Besonders wichtige Prüfungssachverhalte in der Prüfung des Jahresabschlusses

Besonders wichtige Prüfungssachverhalte sind solche Sachverhalte, die nach unserem pflichtgemäßen Ermessen am bedeutsamsten in unserer Prüfung des Jahresabschlusses für das Geschäftsjahr vom 1. Januar bis 31. Dezember 2023 waren. Diese Sachverhalte wurden im Zusammenhang mit unserer Prüfung des Jahresabschlusses als Ganzem und bei der Bildung unseres Prüfungsurteils hierzu berücksichtigt; wir geben kein gesondertes Prüfungsurteil zu diesen Sachverhalten ab.

Nachfolgend stellen wir den aus unserer Sicht besonders wichtigen Prüfungssachverhalt Bewertung der Kundenforderungen dar:

a) Sachverhalt und Problemstellung

Die Forderungen an Kunden, saldiert mit den gebildeten Risikovorsorgen, belaufen sich auf 1.563,8 Mio. EUR. Dies entspricht 52,5 % der Bilanzsumme. Zudem bestehen Eventualverbindlichkeiten in Höhe von 47,3 Mio. EUR und unwiderrufliche Kreditzusagen in Höhe von 133,2 Mio. EUR.

Die Identifizierung von Wertminderungen und die Ermittlung von Einzelwertberichtigungen sowie die Bemessung von Rückstellungen für Eventualverbindlichkeiten und unwiderrufliche Kreditzusagen unterliegen wesentlichen Schätzungsunsicherheiten und Ermessensspielräumen. Das Risiko für den Jahresabschluss liegt darin, dass Wertberichtigungsbedarf nicht rechtzeitig identifiziert wird bzw. die Höhe der Wertberichtigung von der wirtschaftlichen Lage und Entwicklung der jeweiligen Kreditnehmer sowie von der Bewertung der Kreditsicherheiten beeinflusst wird. Daher ist die zutreffende Bewertung der Kundenforderungen für den Jahresabschluss und insbesondere die Ertragslage von entscheidender Bedeutung und stellt nach unserer Einschätzung einen besonders wichtigen Prüfungssachverhalt dar.

b) Prüferisches Vorgehen und Erkenntnisse

Wir haben zunächst beurteilt, ob die für die Bewertung der Kundenforderungen relevanten Prozesse der Genossenschaft derart ausgestaltet sind, dass akute Risiken mit hinreichender Sicherheit rechtzeitig erkannt werden und gegebenenfalls eine Risikovorsorge in ausreichendem Umfang gebildet wird.

In Folge haben wir uns von der Funktionsfähigkeit der Regelungen bzw. Prozesse überzeugt. Hierbei stellen wir auf die eingerichteten relevanten Kontrollen der Genossenschaft ab.

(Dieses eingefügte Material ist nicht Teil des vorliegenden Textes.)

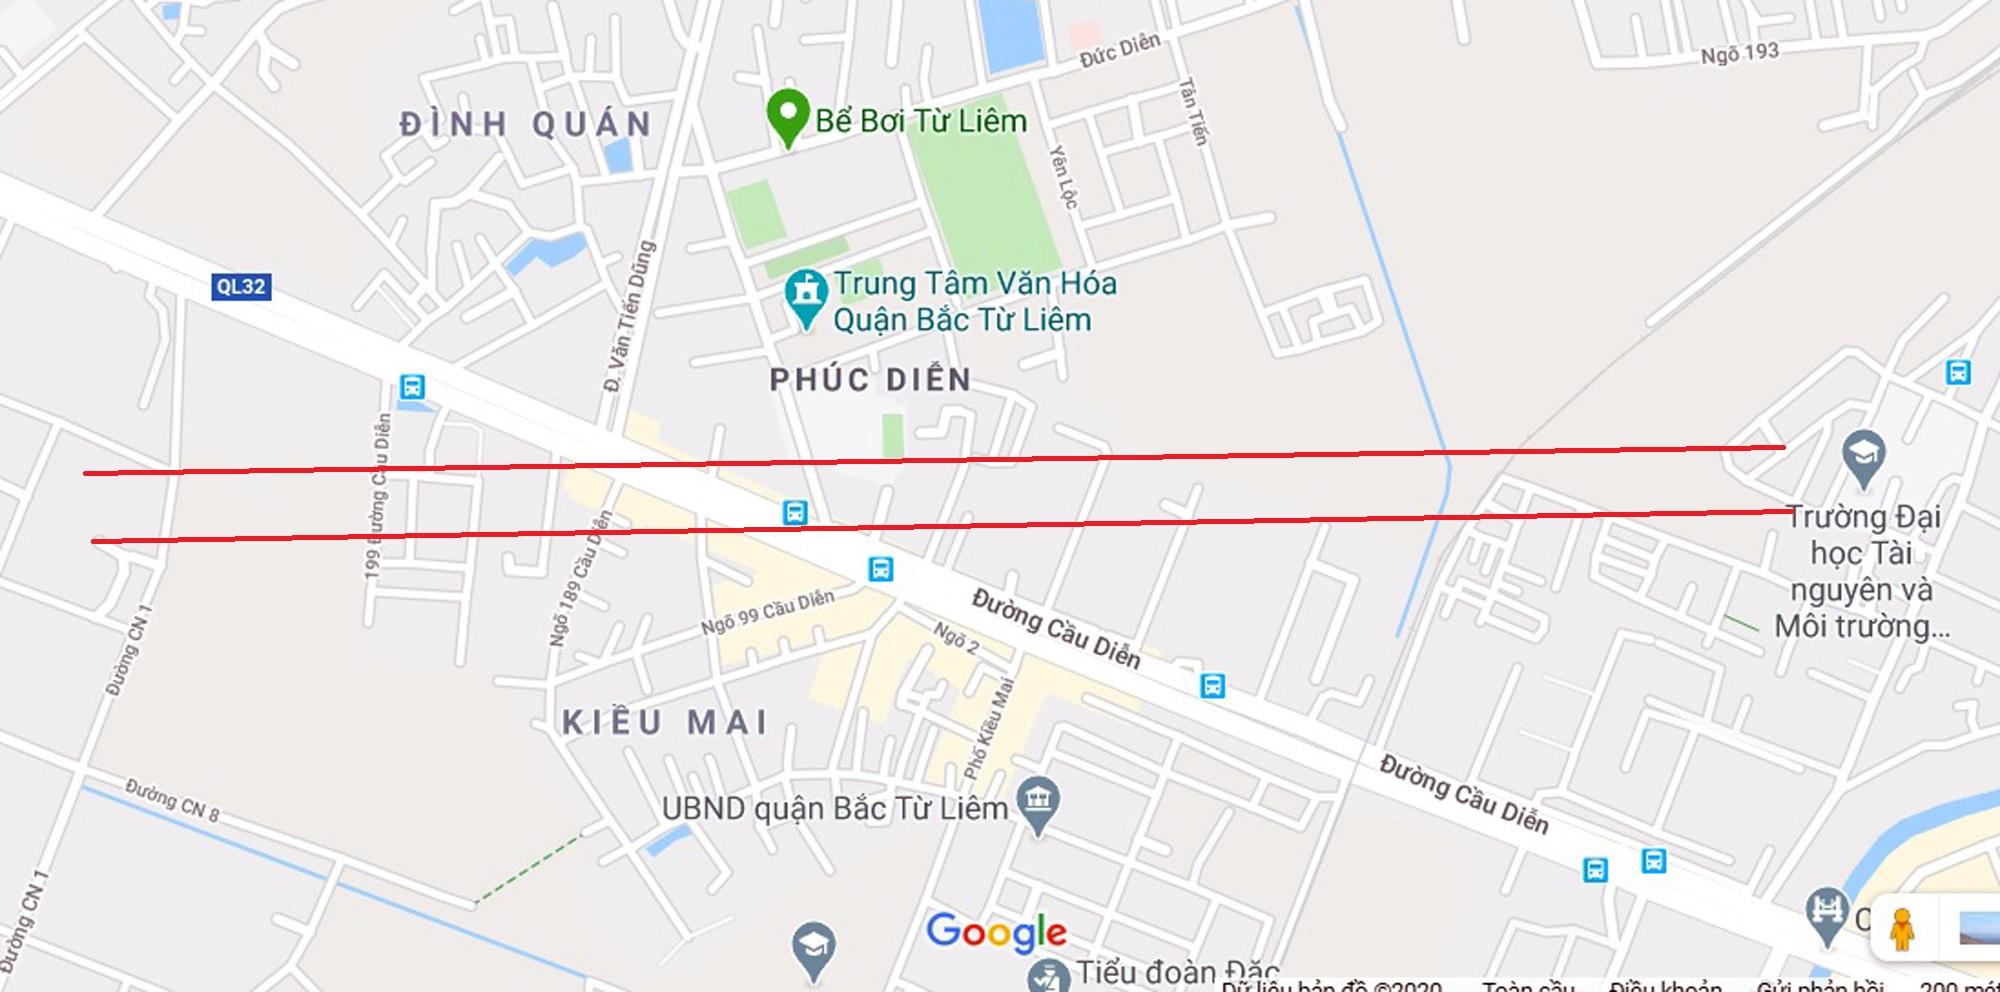 4 đường sẽ mở theo qui hoạch ở phường Phúc Diễn, Bắc Từ Liêm - Ảnh 2.

Aufbauend auf den vorstehend genannten Prüfungshandlungen haben wir bewusst ausgewählte Kreditengagements hinsichtlich der Notwendigkeit und - soweit erforderlich - der Angemessenheit einer Risikovorsorge einer Einzelfallprüfung unterzogen. Bei der Auswahl haben wir insbesondere Kredite an Kreditnehmer aus der Baubranche und von den konjunkturellen Risiken besonders betroffenen Branchen berücksichtigt.

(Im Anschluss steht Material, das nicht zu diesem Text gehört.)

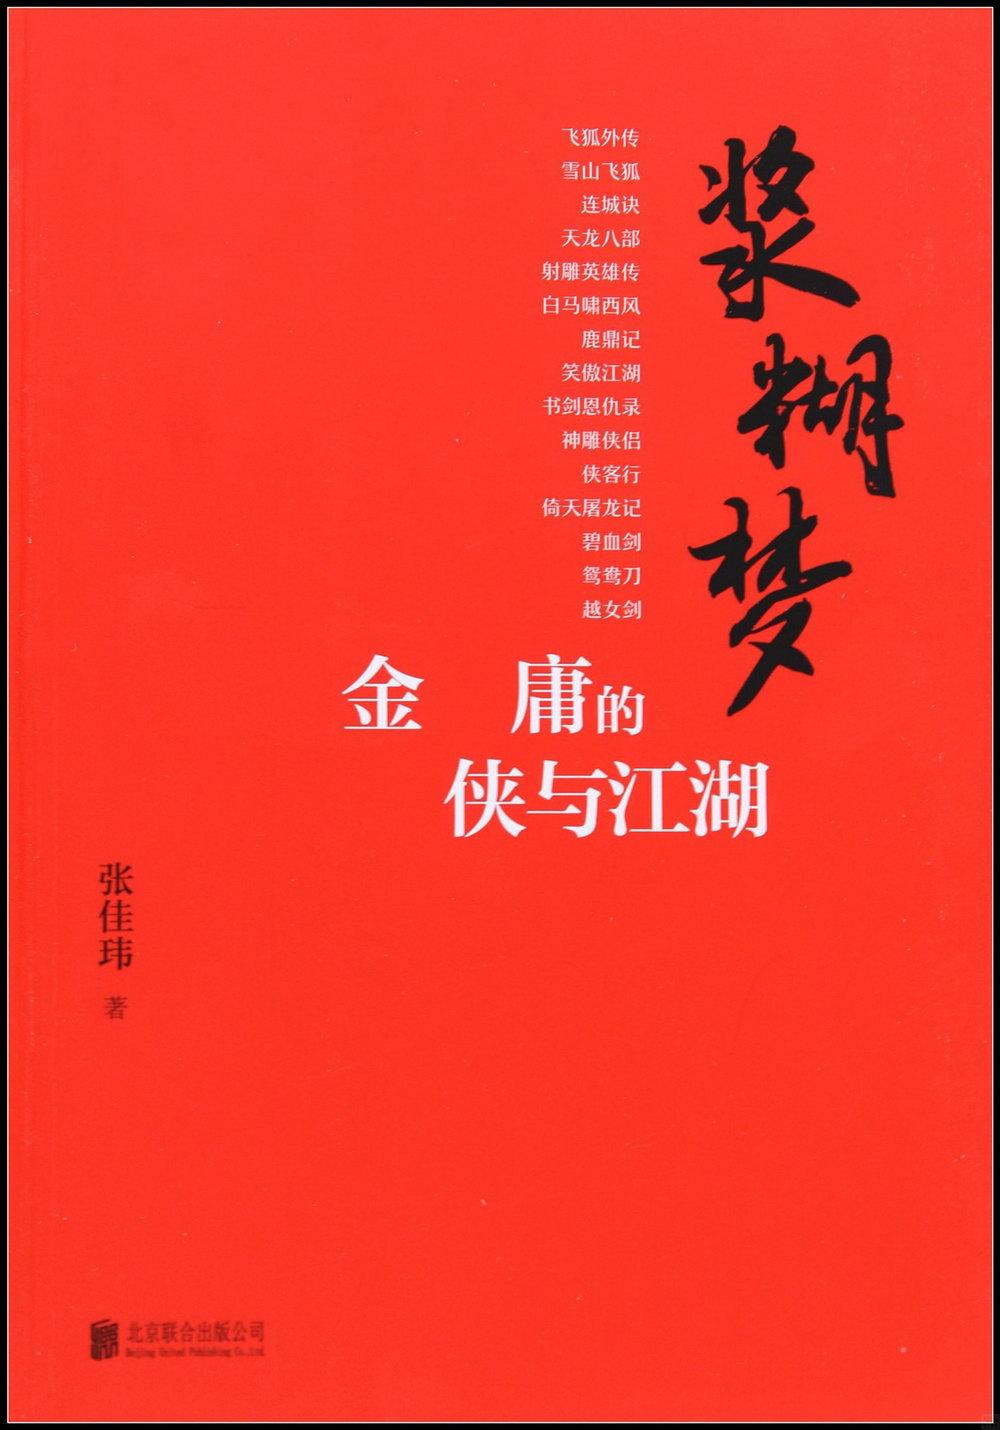 漿糊夢:金庸的俠與江湖

c) Verweis auf weitergehende Informationen

Weitere Angaben der Genossenschaft zur Bilanzierung und Bewertung von Forderungen im Kreditgeschäft sind im Anhang im Abschnitt "B. Erläuterungen zu den Bilanzierungs-, Bewertungs- und Umrechnungsmethoden" enthalten.

Sonstige Informationen

Die gesetzlichen Vertreter und der Aufsichtsrat sind für die sonstigen Informationen verantwortlich.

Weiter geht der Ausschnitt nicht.